I captured the steps given above (except checking that the Fortran Unix library links) and put them in a script. The script assumes that it and the mpich.tar file are in the same directory.


#!/bin/csh -f
setenv MPI_DIR $PWD/mpich-1.2.2.3
tar -xf mpich.tar
cd $MPI_DIR
setenv CFLAGS -fno-common
setenv RSHCOMMAND /usr/bin/ssh
setenv USERF77 /Applications/Absoft/bin/f77
setenv F77 "f77 -N109"
./configure --with-device=ch_p4 -with-arch=LINUX --with-comm=ch_p4 --without-romio --enable-f77
make mpilib
cd src/fortran
make flibs
ranlib $MPI_DIR/lib/*a
cp $MPI_DIR/util/mpiCC $MPI_DIR/bin/mpicc
cp $MPI_DIR/mpid/ch_p4/p4/lib/p4_globals.o $MPI_DIR/lib/p4_globals.o
cd $MPI_DIR/examples/basic
make cpi
make fpi

Running an application

Copy your application "cpi" to our home directory

cp cpi ~
Then we go there.

cd ~
Now use scp to copy your application to all machines that you want to use to run your job. For example I will copy to a machine called peloton.

scp cpi peloton:cpi
where peloton is the name of a machine. If you are asked for a password when you do this go back and look at the section for setting up password-less logins.
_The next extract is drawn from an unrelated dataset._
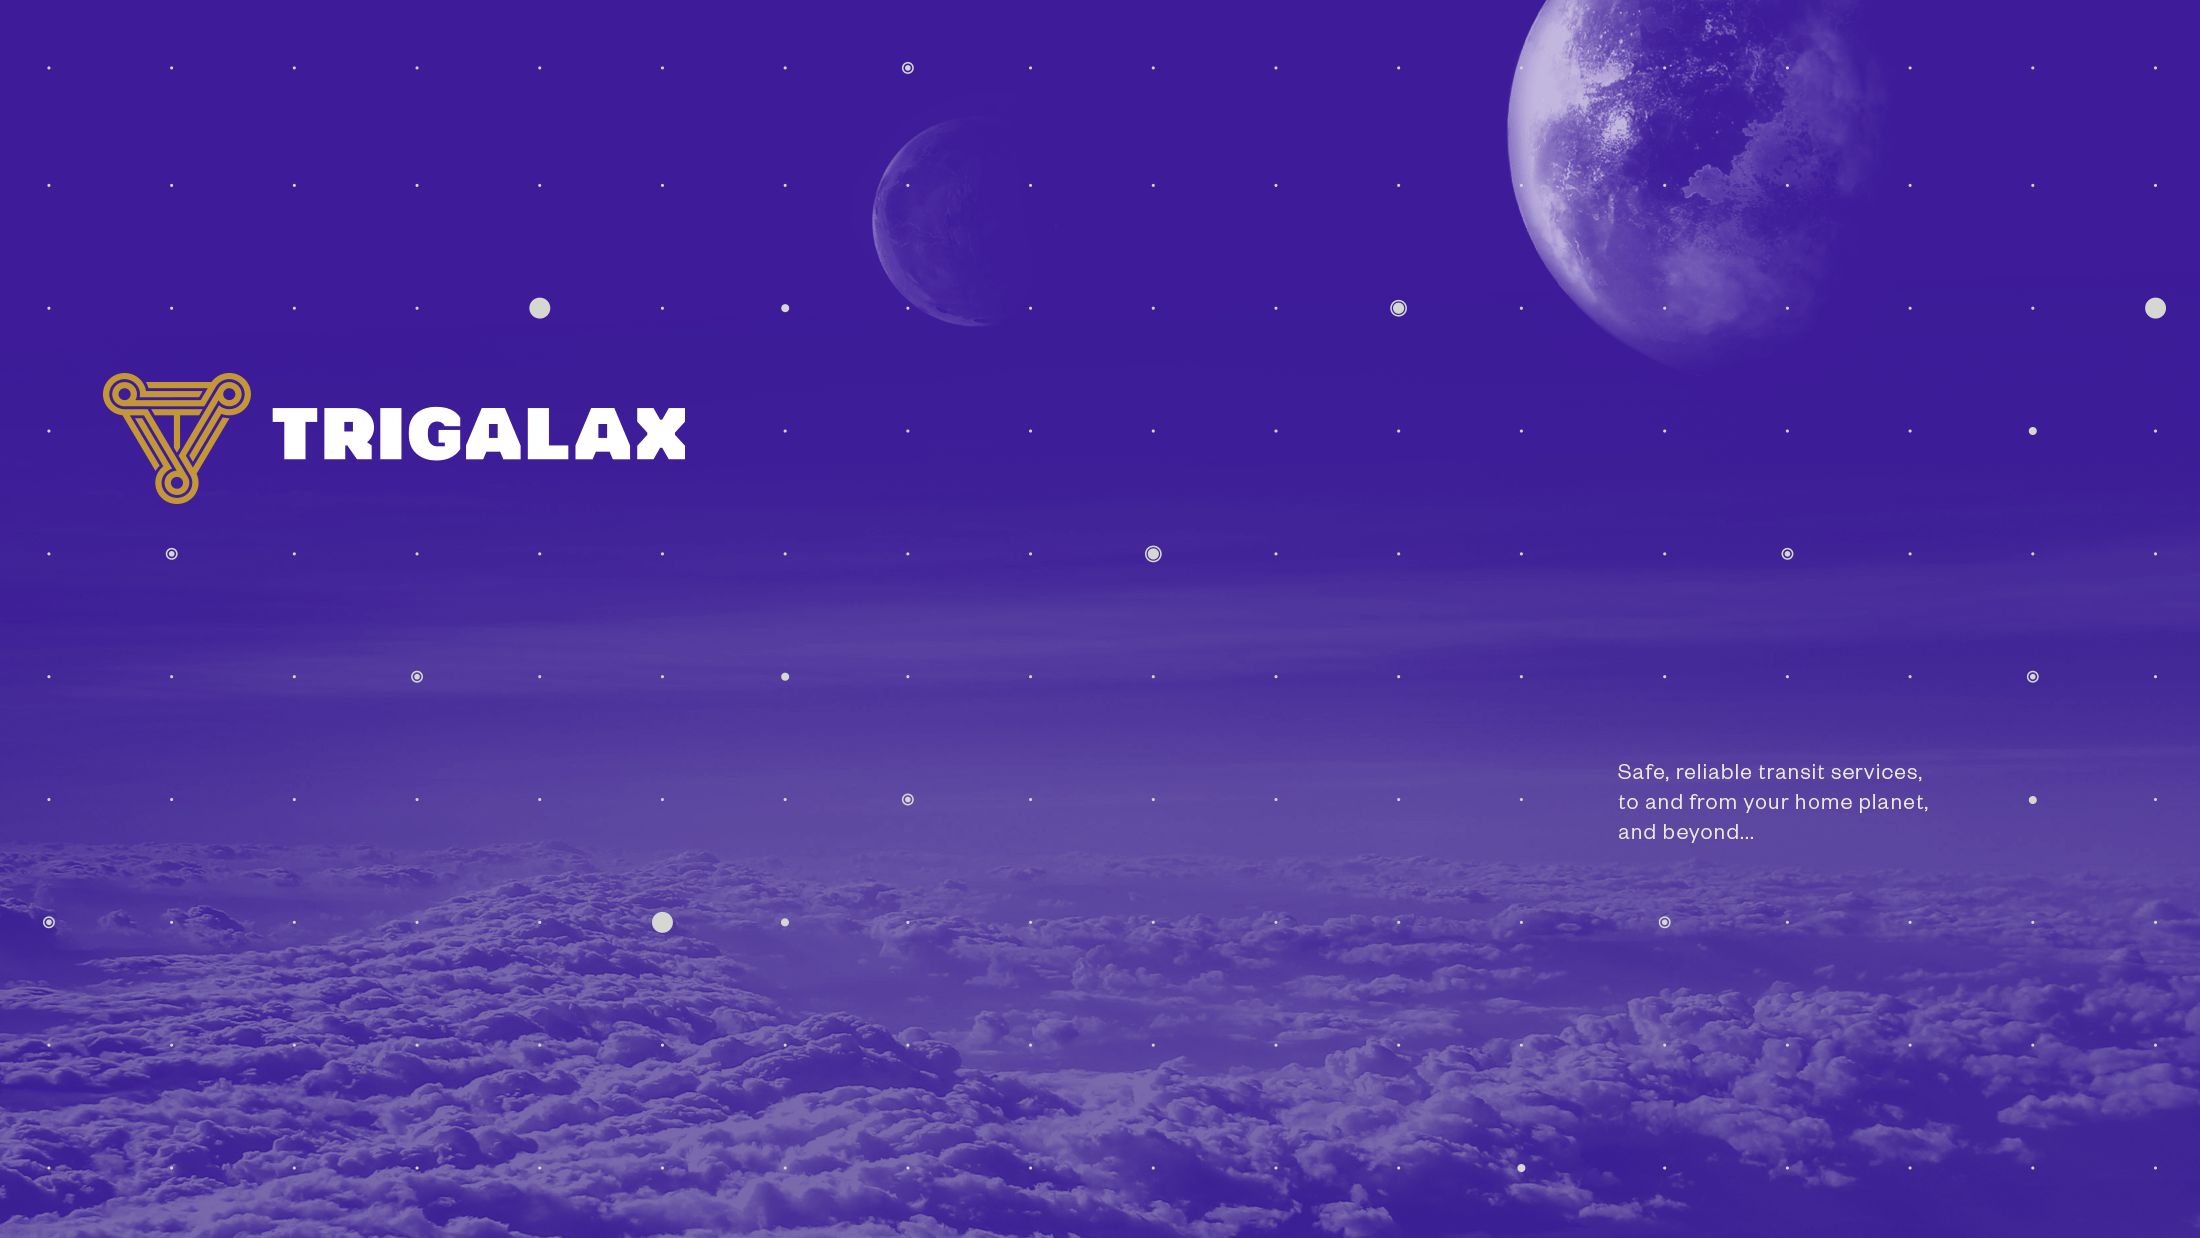 00_Trigalax-Space-Branding-logo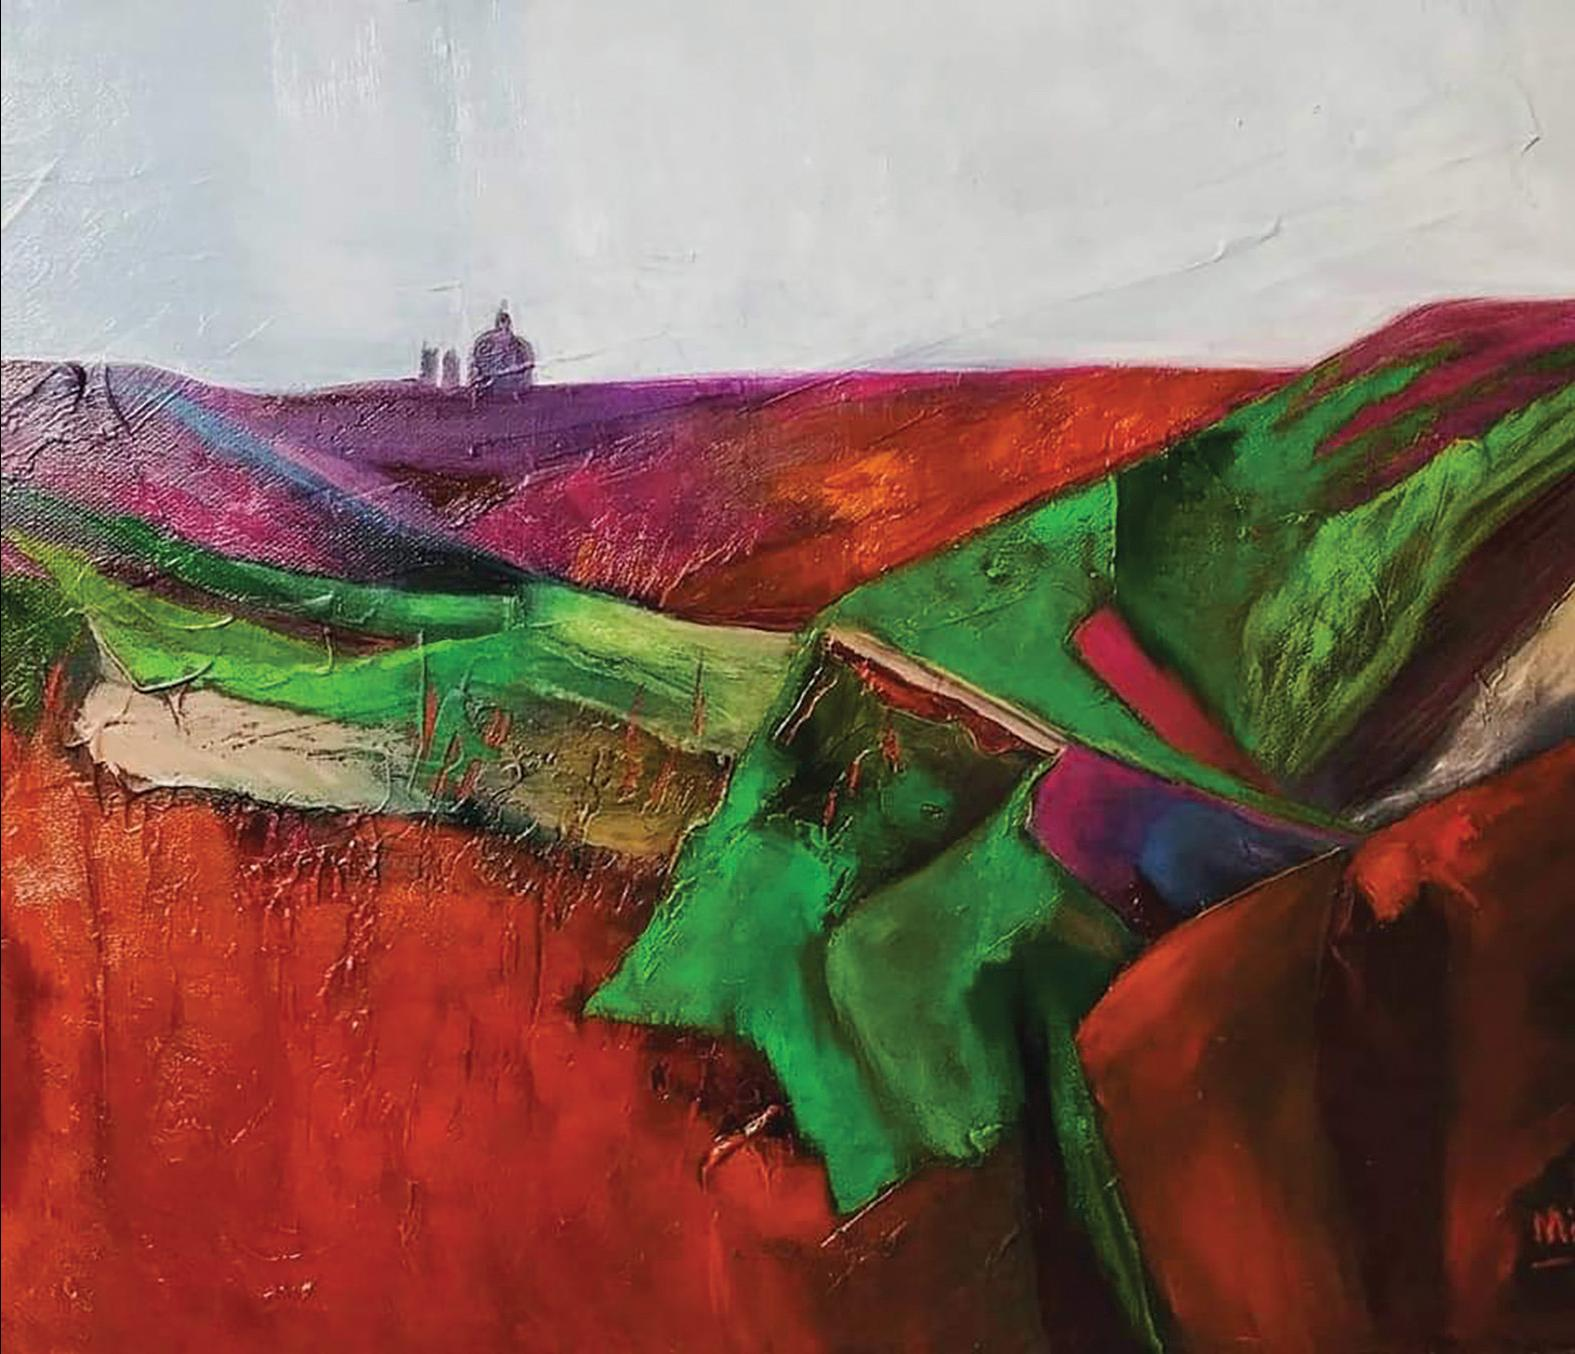 Village Solitude from the Village Sonata collection

To run a parallel application you need to specify where the various tasks will be run. This is done using a "Process Group" file. You then specify the process group file on the command line when you run you application like

cpi -p4pg cpi.p4pg

where cpi.p4pg is the file.

The format for the pg file is a little odd. Say I want to run my job using three tasks; One on my local machine, one on peloton and on a machine called ozark. Here is a process group file


local 0
peloton        1 /Users/tkaiser/cpi
ozark          1 /Users/tkaiser/cpi
In theory, we can run multiple tasks on a single node and have the tasks swap messages using shared memory. (I don't have a multiple processor Mac so there is not a lot of use in doing this so I built MPICH with sharing memory turned off.)

The first line specifies that I want to run a job locally with "0" additional tasks sharing memory. A number other than 0 will give an error.

The next lines specify that I want to run additional tasks on the given nodes, (ozark and peloton) running "1" copy of /Users/tkaiser/cpi.

I need to give the full path name to the application. For your process group file change /Users/tkaiser to your home directory name.

This yields

[mac:~] tkaiser% cpi -p4pg cpi.p4pg
Process 0 of 3 on mac.sdsc.edu
pi is approximately 3.1416009869231254, Error is 0.0000083333333323
wall clock time = 0.010493
Process 1 of 3 on ozark.sdsc.edu
Process 2 of 3 on peloton.sdsc.edu
[mac:~] tkaiser%